Substrate characterization

For scanning electron microscopy (SEM) imaging of polymer fibers, we used JEOL JSM-6320 F scanning electron microscope (JEOL, Tokyo, Japan). Samples for SEM imaging were prepared by cross sectioning PCL on PC substrates with a razor blade. To prevent PCL films from charging during SEM imaging, every sample was sputter-coated with a 20–30 nm thick gold film using a Bio-Rad Polaron SEM coating system E5150 with film thickness control (Quorum Technologies, UK). Polymer fiber dimensions were measured using ImageJ (NIH, Bethesda, MD). During the mold fabrication process, the laser pulse creates an entrance hole in the mold that has a larger diameter than the majority of the hole. This results in a wider base on each polymer fiber that is 1–2 μm in height. These bases were excluded from the fiber diameter measurement. Fifteen diameter measurements were performed on two images per each polymer fiber mold. These measurements include the sputter coating thickness. The height of fibers above the base was measured by optical microscopy. A 50x objective was focused, at first, on the substrate, and then translated vertically until the tops of the fibers were in focus. The translation distance was measured on a micrometer. Focus was verified using brightfield and darkfield functions. Optical height measurements are consistent with SEM imaging.

Cell culture

hMSCs were purchased from Lonza (Walkersville, MD). All cell experiments used hMSCs at passage 5. hMSCs were cultured in alpha-minimum essential media with nucleosides (Life Technologies, Carlsbad, CA), 16.7 % heat-inactivated fetal bovine serum (Life Technologies), 1 % penicillin/streptomycin (Life Technologies), and 4 μg/ml plasmocin prophylactic agent (InvivoGen, San Diego, CA). Cells were grown in a humidified incubator at 37 °C and 5 % CO2. Media was replaced every 3 days. hMSCs, were detached from tissue culture flasks at around 80 % confluence with 0.05 % trypsin-EDTA and passaged at 100–500 cells/cm2. For all cell experiments, hMSCs were seeded on substrates at a density of 10,000 viable cells/cm2. Cell media was replaced after 72 h.
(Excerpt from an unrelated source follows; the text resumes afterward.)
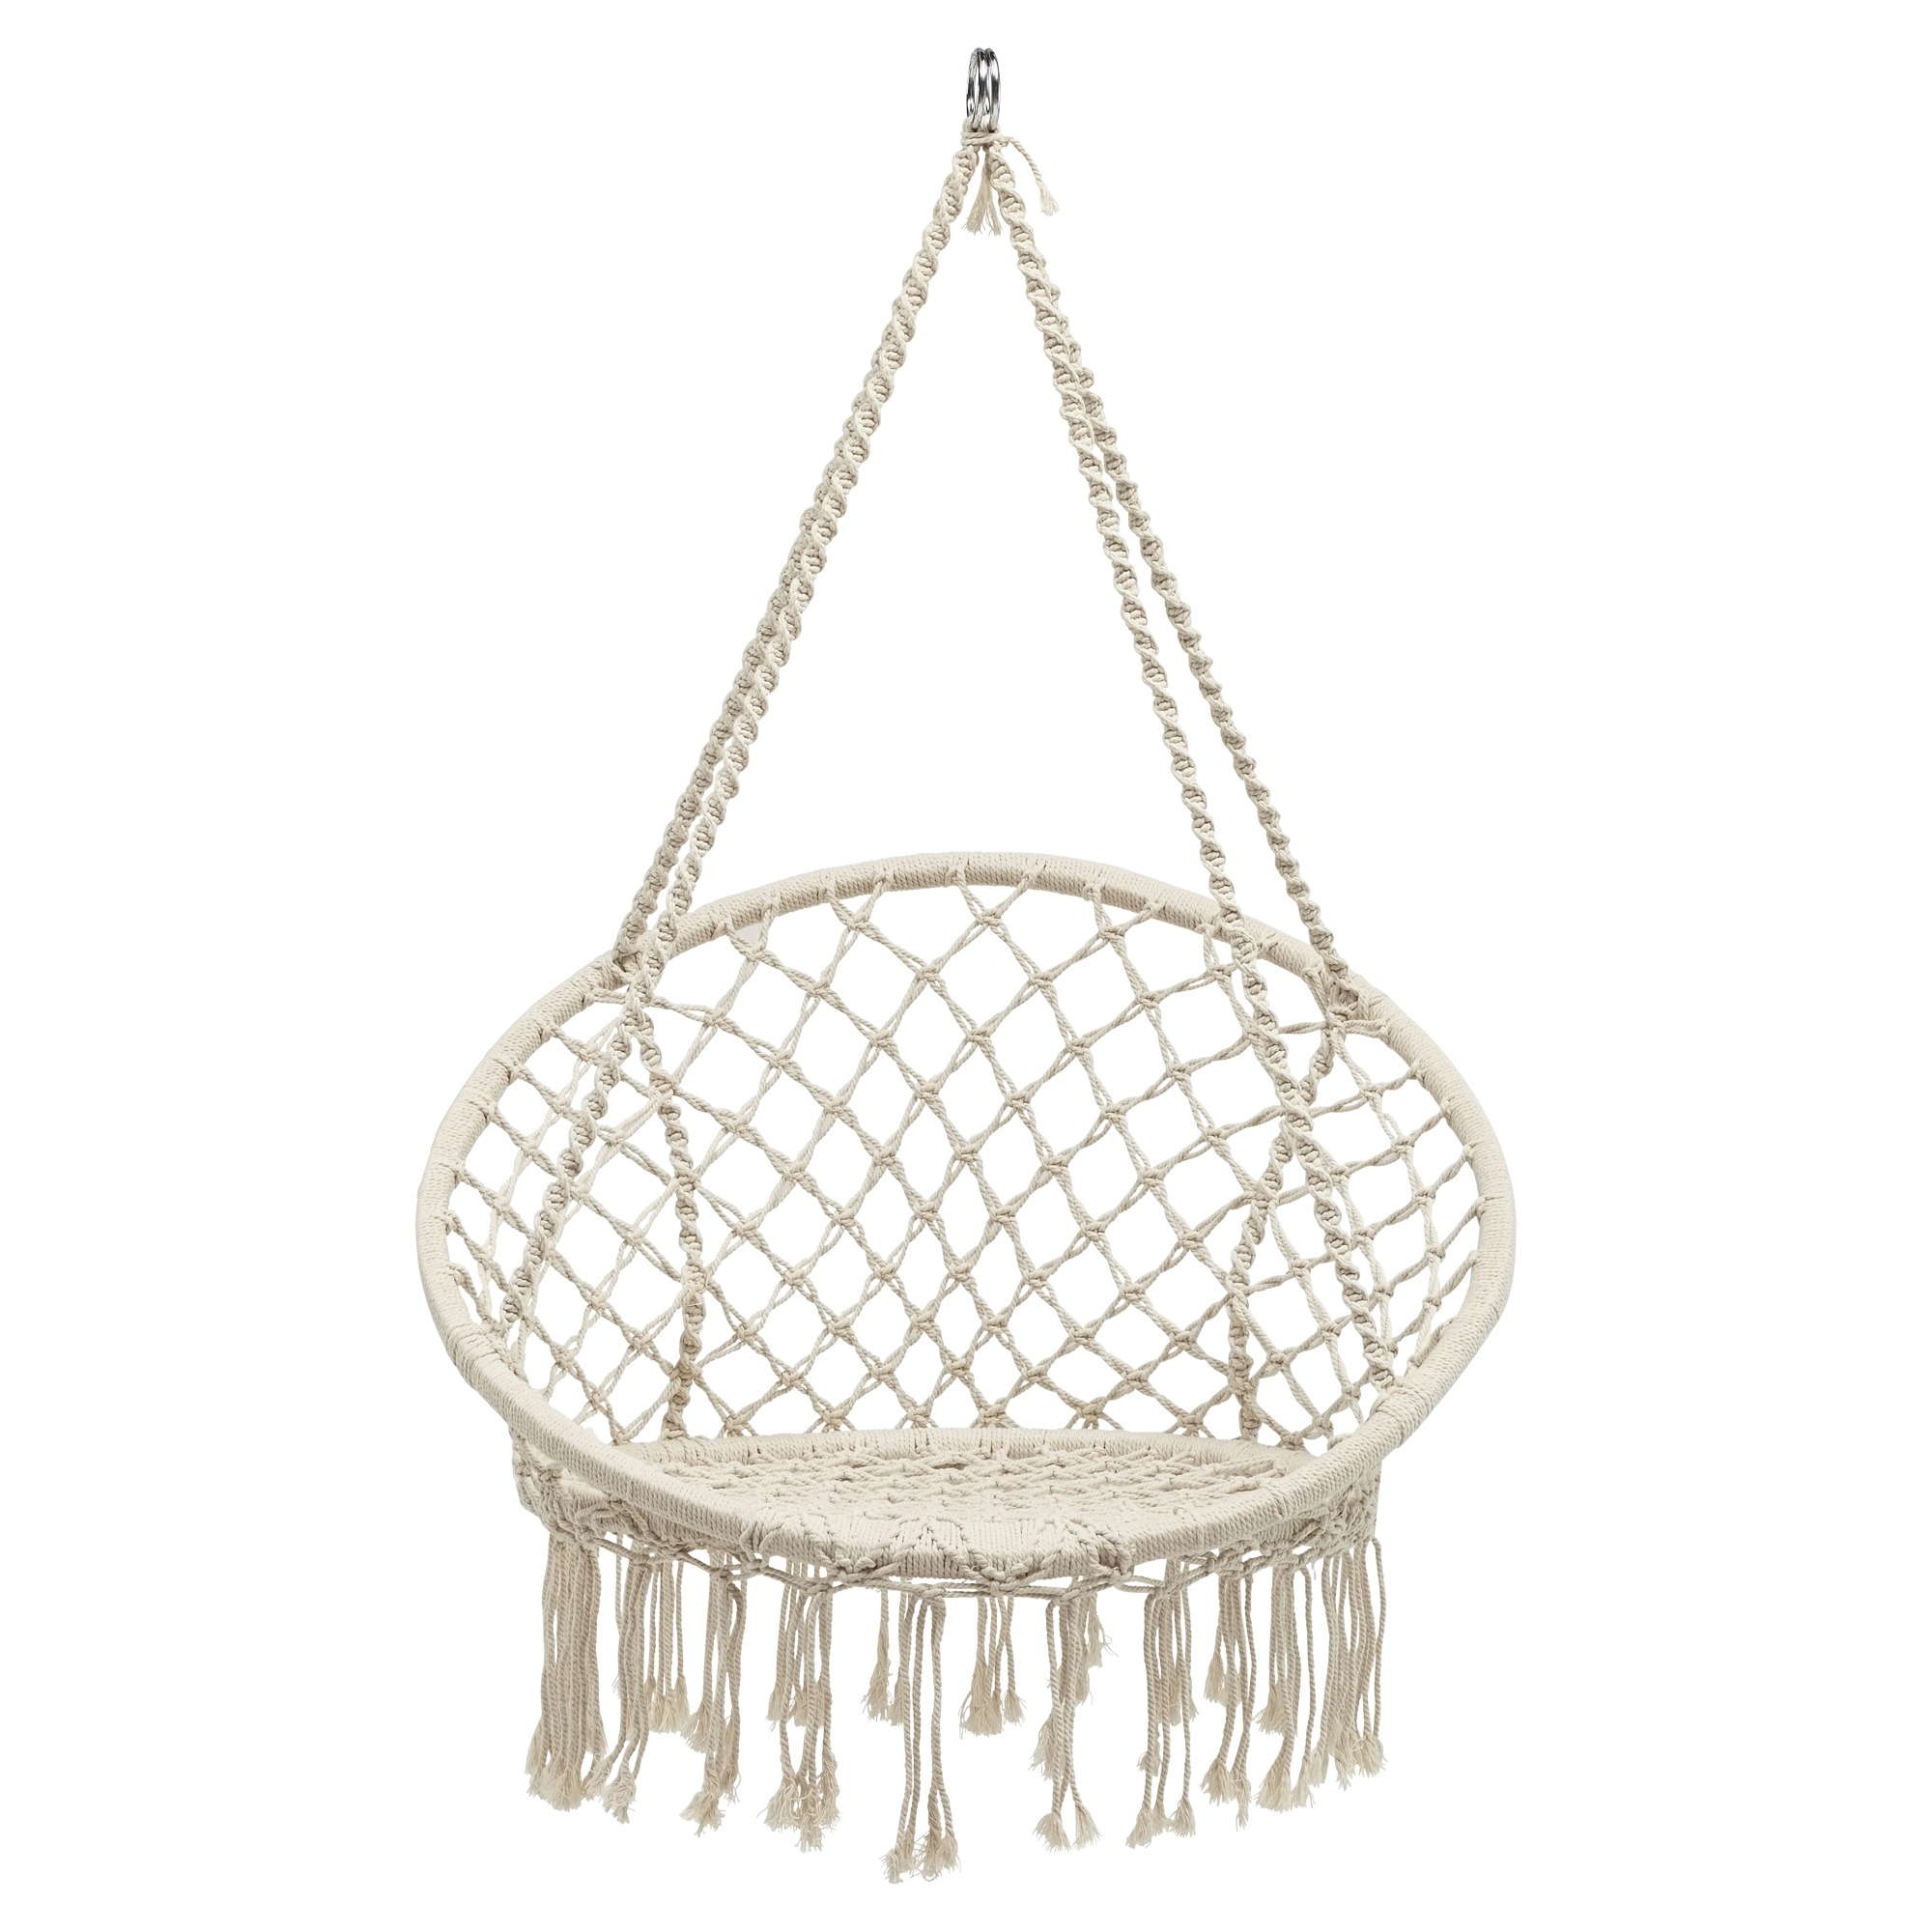 Hangstoel met franjes 118x80x80 cm   Tuinstoelen   Tuinmeubelen   Tuin   KARWEI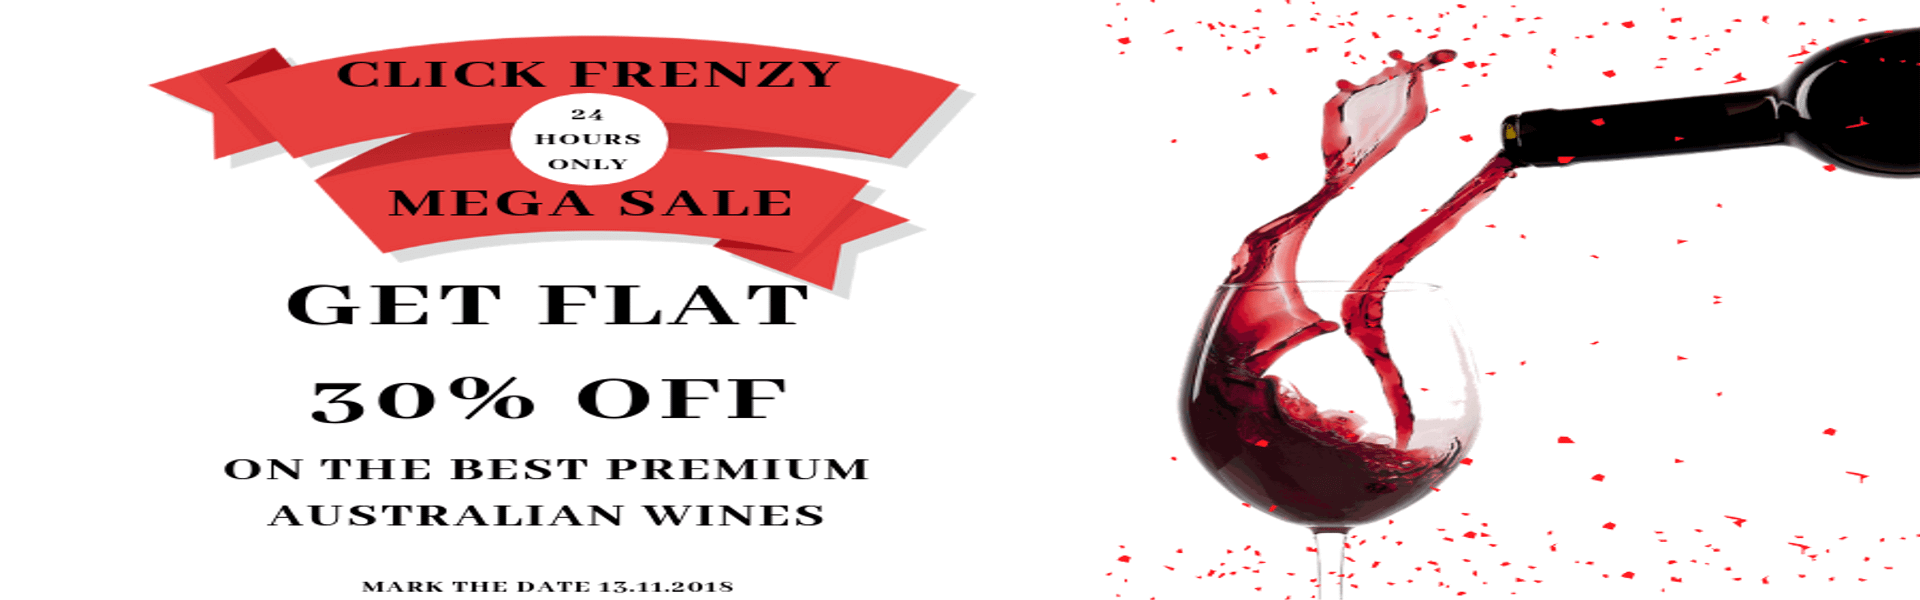 Click Frenzy - SA Wines (1)

Quantitative real-time polymerase chain reaction (qPCR)

Cells cultured on polymer fiber films and TCPS control wells were homogenized with Trizol reagent (Life Technolgies), mixed with chloroform (1:5 Trizol:chloroform), and separated by centrifugation (12,000x g, 15 min, 4 °C). The aqueous phase containing RNA was isolated using RNeasy columns (Bio-Rad, Hercules, CA) according to the manufacturer’s instructions. RNA concentration was determined using a TECAN M1000 plate reader with the manufacturer’s software. cDNA was synthesized using a cDNA generation kit (Applied Biosystems, Life Technologies, Carlsbad, CA) and qPCR was performed using SYBR Green master mix kit (Bio-Rad) with 15 ng cDNA and 500 mM each of forward and reverse primers. Primer sequences were the following: Nanog (NM_024865.2) forward ‘AATACCTCAGCCTCCAGCAGATG’ and reverse ‘TGCGTCACACCATTGCTATTCTTC’; OCT4A (NM_002701.4) forward ‘CCTTCGCAAGCCCTCATTTCAC’ and reverse ‘GGAAGCTTAGCCAGGTCCGA’; ITGA2 (NM_002203.3 forward ‘TTAGCGCTCAGTCAAGGCAT’ and reverse ‘CGGTTCTCAGGAAAGCCACT’; PECAM (NM_00442.4) forward ‘CCAAGCCCGAACTGGAATCT’ and reverse ‘CACTGTCCGACTTTGAGGCT’; and GAPDH (NM_002046.4) forward ‘GCACCGTCAAGGCTGAGAAC’ and reverse ‘TGGTGAAGACGCCAGTGGA’. A CFX Real-Time PCR System (Bio-Rad) was run with the qPCR protocol: 95 °C for 3 min, followed by 40 cycles of denaturation at 95 °C for 30 s, annealing at 58 °C for 30 s, and extension at 72 °C for 30 s. Expression of each gene measured was normalized to the expression of glyceraldehyde 3-phosphate dehydrogenase (GAPDH) as a housekeeping gene, thereby generating ΔC(t) values, and expression of 2-ΔΔC(t) relative to the TCPS control. N = 3 biological replicates per substrate condition were performed.

Immunocytochemistry

Cells cultured on the test substrates were fixed with 4 % paraformaldehyde (PFA) for 15 min at room temperature and permeabilized with 10 % goat serum with 0.3 % Triton-X overnight at 4 °C. Cells were then incubated with Hoechst (2 μg/ml) for 20 min at room temperature, followed by Alexa488-phallodin (1:5 v/v in PBS, Life Technologies, Carlsbad, CA) for 10 min. Imaging was performed with a Zeiss LSM 710 confocal microscope (Carl Zeiss, Oberkochen, Germany) and images were process with Zeiss Zen software and ImageJ (NIH, Bethesda, MD).